A identidade e circularidade são, por conseguinte, as duas principais figuras do fundamento. Fundar é, neste processo, o ato de se instaurar sobre uma identidade transcendente que possui sobretudo o que os outros só possuem de maneira secundária, sendo dela derivada. Concomitante a isso, o fundamento tem por função introduzir o princípio de uma distribuição circular cujo propósito é envolver o fundado em sua circularidade, para fazê-lo submeter-se a sua lei.

Dissemos que o intuito de nossa tese é a formulação de uma concepção do transe que o compreenda como um dispositivo rítmico de povoamento da imagem. O ritmo ganha, em

nossa compreensão, a função de uma diferença não fundada, pois as imagens que compõem os povoamentos não remetem a nada, valem-se por si mesmas, ao mesmo tempo, são imagens de cinema, ou seja, são já enquadradas por um dispositivo cuja dinâmica de funcionamento obedece a um certo ordenamento. Tal situação impõe às imagens em transe a condição de serem sempre repovoamentos, isto é, refundações que são condicionadas pelo adoecimento dos meios, a corrosão, as desterritorializações. Por esta razão, as imagens de que tratamos são sempre investidas de desmontagens, de sacrifícios, de alianças demoníacas, pois buscam a todo tempo o ainda não fundado, o transe como o sem-fundo que é a condição diferencial dos meios.

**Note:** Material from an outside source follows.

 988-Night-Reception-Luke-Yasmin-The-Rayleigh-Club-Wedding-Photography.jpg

Para David Lapoujade (2015), desde Platão, a instauração de um fundamento é inseparável de uma prova seletiva, sendo tal prova revelada e descrita por um mito. A prova seletiva supõe, concomitantemente, uma transformação dos pretendentes em um ciclo de metapsicose e a hierarquia deles no interior desse ciclo. Nas revisões modernas do fundamento platônico, entretanto, a função do fundamento deixa de se exercer como prova do fundado, se tornando um signo da passagem do mythos ao logos (do mito ao pensamento). O fundamento, assim, não põe em metamorfose aquilo que ele funda, sendo esta a base que origina a constatação de sua inoperância. A partir de Lapoujade (2015) ainda perguntamos: “Qual pode ser a efetividade, o valor de um fundamento, se ele não muda nada no pensamento e na vida? Para que serve tal ciclo? (p. 65).

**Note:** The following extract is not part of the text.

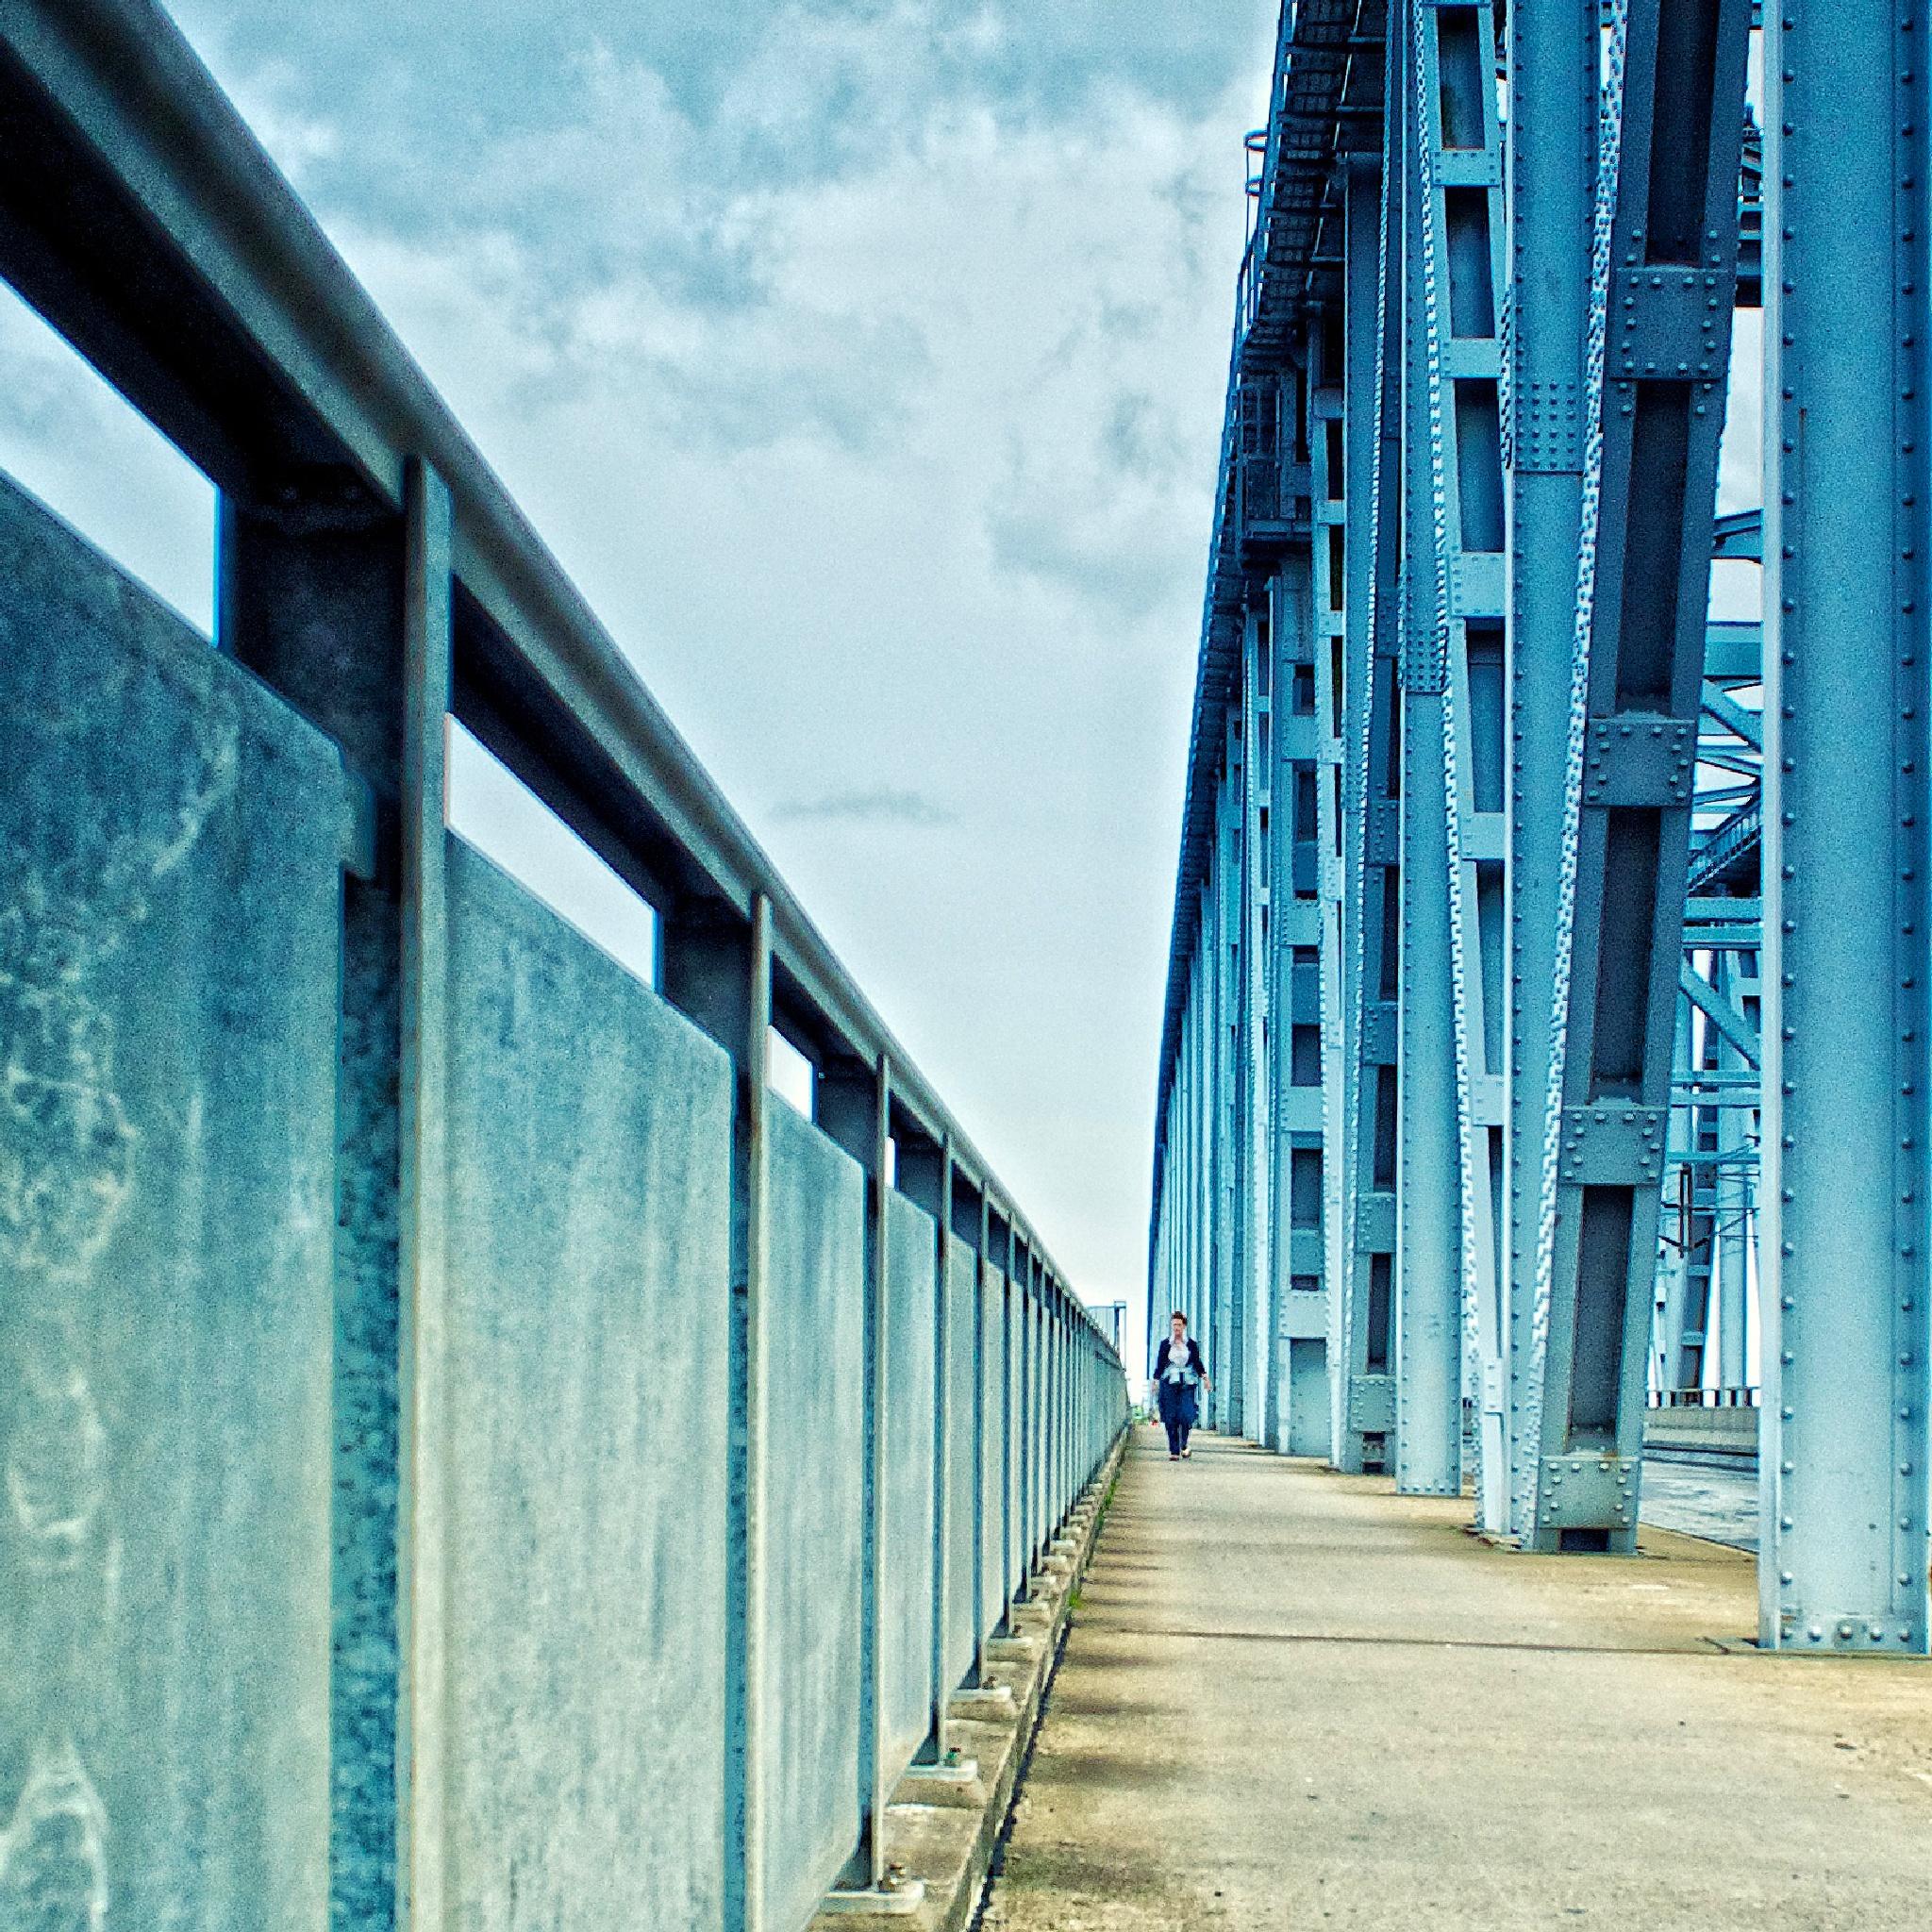 Pedestrian on the old bridge. by Tue Romanow

Em Diferença e Repetição (2008) de Deleuze, a imagem do círculo apenas testemunha a impotência para o começo verdadeiro e para a repetição automática (p. 191). É preciso que sempre atrelemos a fundação à metamorfose ou, nas palavras deste mesmo autor, “fundar é metamorfosear” (p. 201). Lapoujade (2015), entretanto, diz que “não é o pensador que funda, nem mesmo enquanto sujeito transcendental. Pelo contrário, ele se torna fundado” (p. 66), no mesmo sentido em que Artaud se vê fundado pelo desmoronamento de seu pensamento e por sua impotência de pensar. Desta forma, o signo força o pensamento a pensar, uma vez que ele não é signo de um objeto no mundo, mas dos pontos críticos que ligam desterritorializações e reterritorializações; é signo, portanto, das estabilizações temporárias pelas quais esse objeto do mundo passa. Consequentemente, o povo cunhado pelo cinema de Glauber não pode prescindir da criação de novos signos porque só é possível a ele devir nas imagens a partir da crítica ao acabado e ao estado de equilíbrio das formas e suas fundações representacionais. Desfundar e refundar, despovoar e repovoar, eis o trabalho do transe.